A recent research report published by National Employment Savings Trust (NEST) shows that the target market for the yet to be launched auto-enrolment scheme are more likely to make changes to their pension contributions during periods of financial crisis, with many stopping contributions to their pension savings completely during economic slowdown.
The analysis of its sample data revealed 46 percent of the respondents matching NEST’s future target market, made some sort of changes in pension savings as a result of financial crisis.
The research also found that compared to the control group’s 10 percent, 14 percent of NEST’s target group stopped making any contributions during the financial crisis.
Many respondents failed to see that pension savings were unlike investments and fluctuation in the value of pension pots is similar to any savings account.
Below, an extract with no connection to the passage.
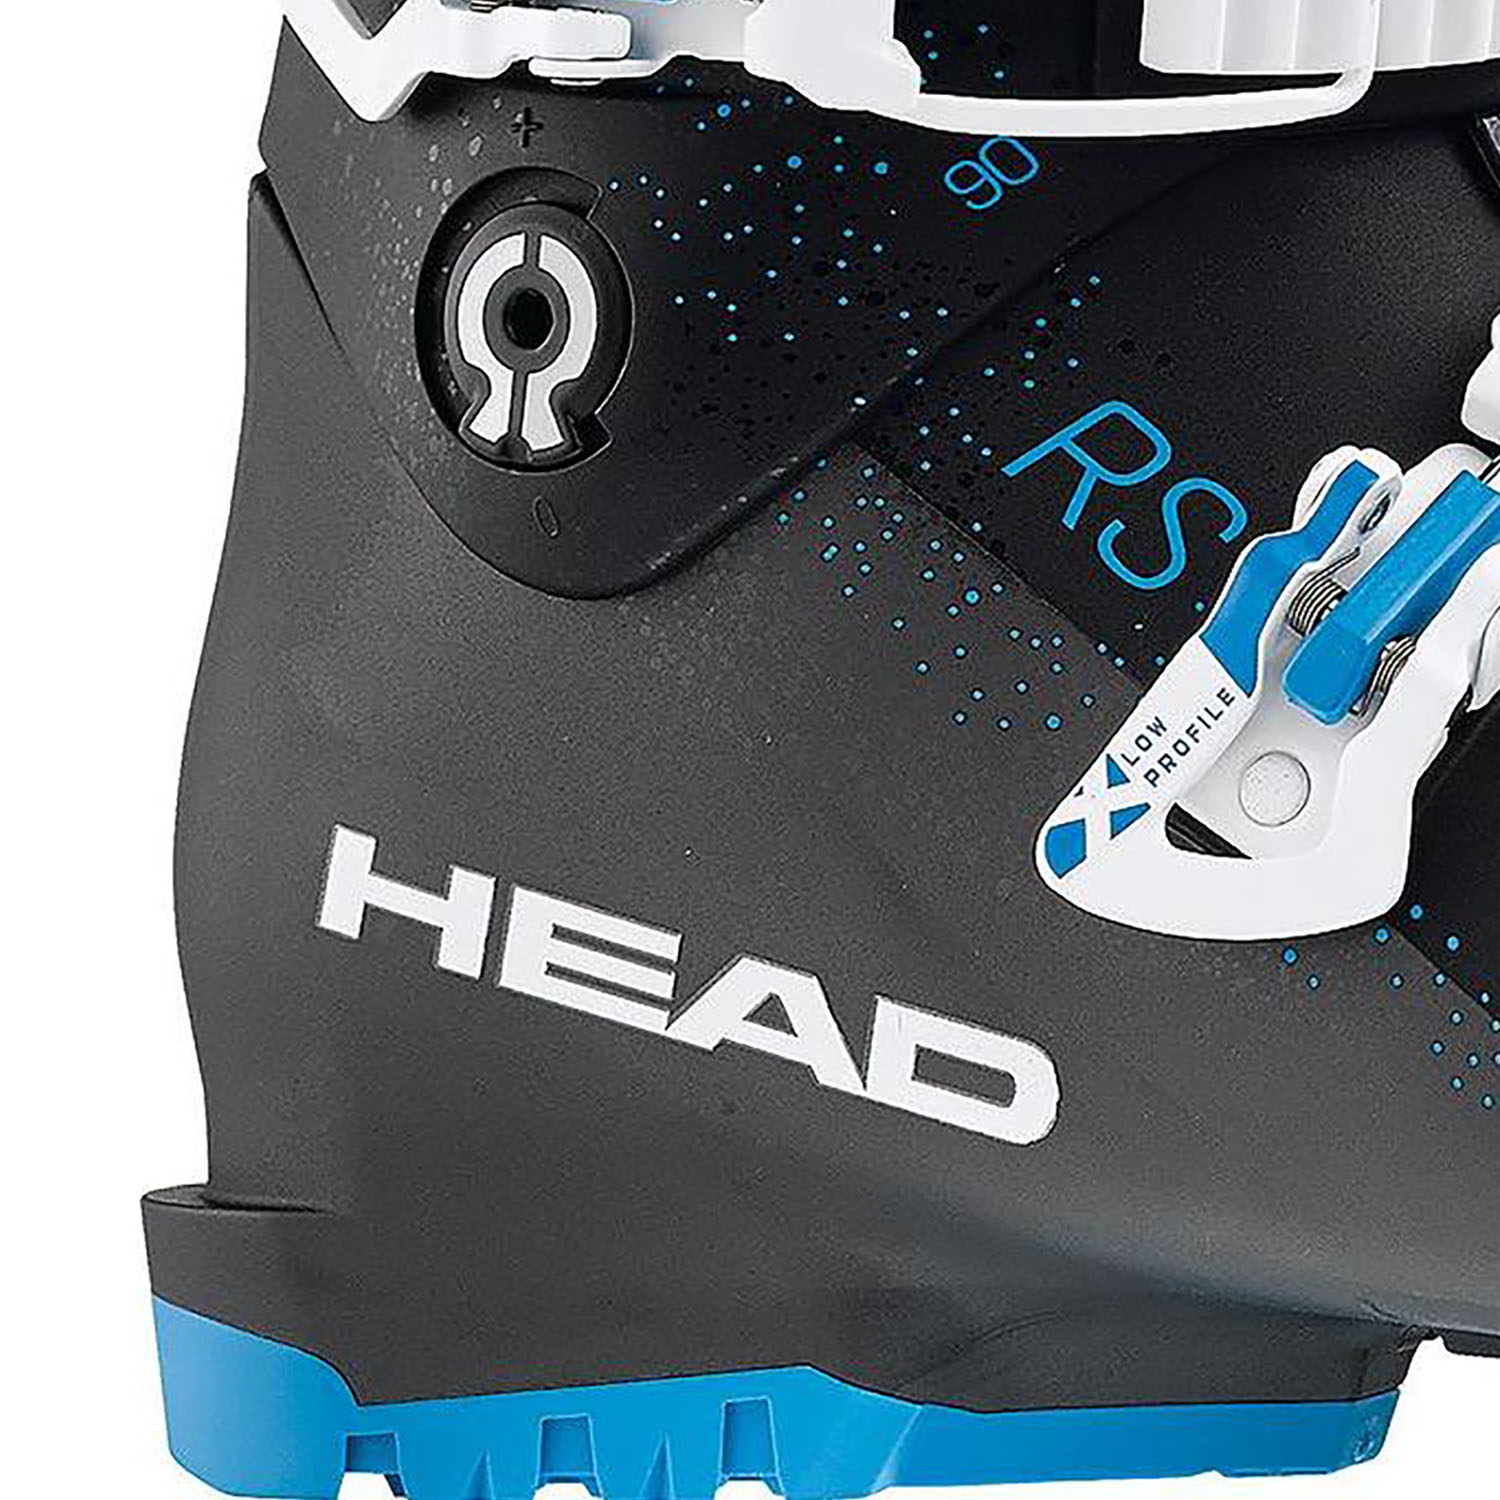 Горнолыжные ботинки HEAD Vector RS 90 W black/anthracite
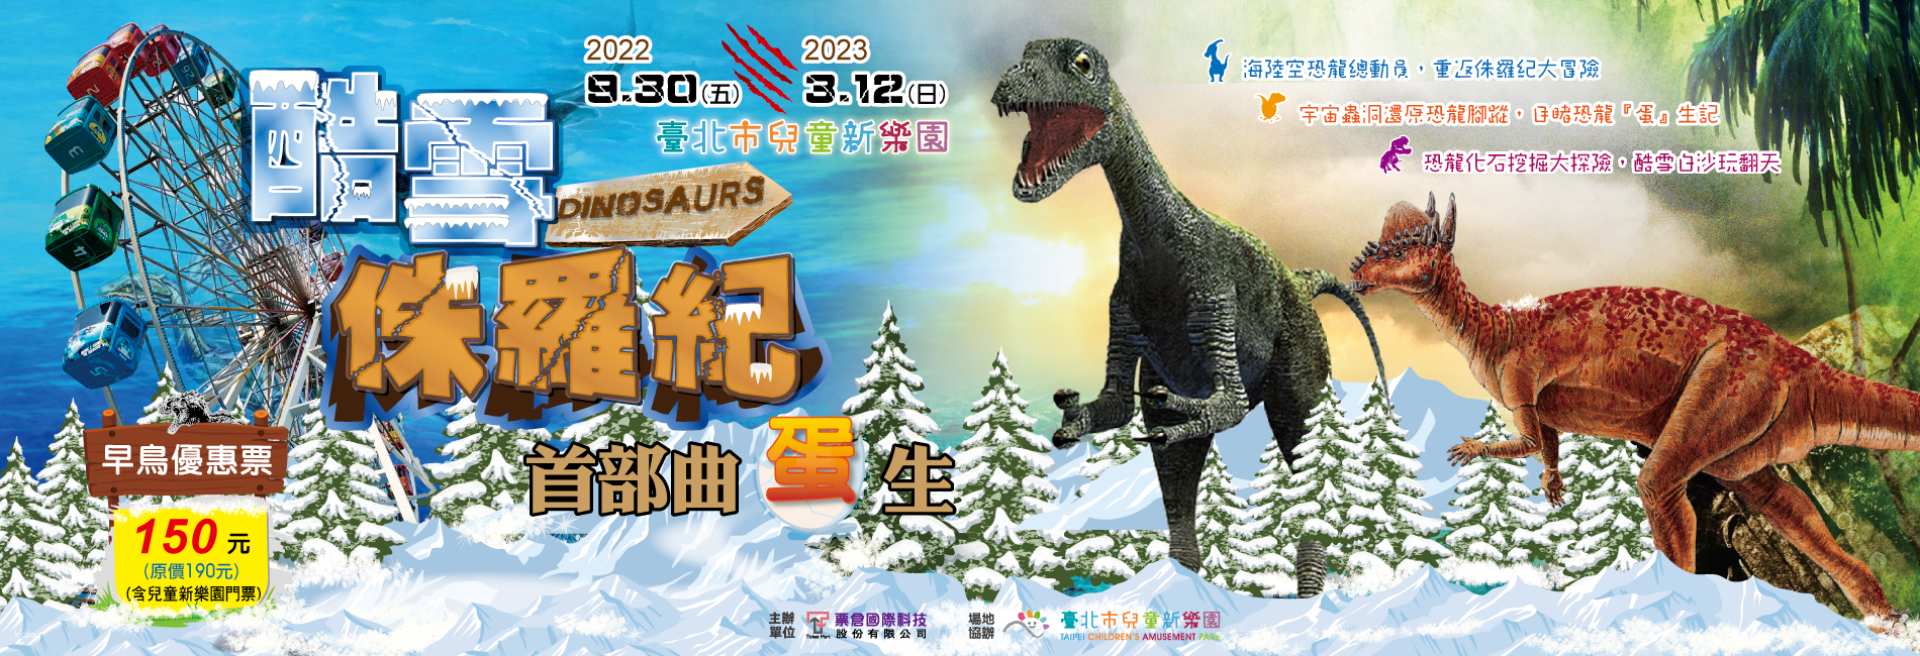 台北-酷雪侏羅紀首部曲 「蛋」生展覽| 含兒童新樂園入園門票

Savers also reacted emotionally due to interim losses suffered including surprise and incredulity, helplessness, anger and disappointment.
The participants’ also wanted to know where the money had gone and who’s to be blamed when there hypothetical pension pots lost value.
“The challenge for Nest is to encourage our members to start saving, continue saving and take appropriate investment risk to support them in building a better income in retirement,” said Mark Fawcett, chief investment officer of NEST while commenting on the findings.
Explaining the rationale behind the research, Fawcett said the research was part of the extensive evidence base developed by NEST that recognise that for a substantial part of NEST’s future members, pensions and investment are new concepts and hence, can be intimidating, while helps the scheme develop future investment solutions.
“When developing Nest’s investment strategy our starting point and our first investment belief is the importance of understanding our members,” Fawcett added.
“We have developed an investment approach that takes account of their attitudes, aspirations and, in some cases, fears,” he claimed.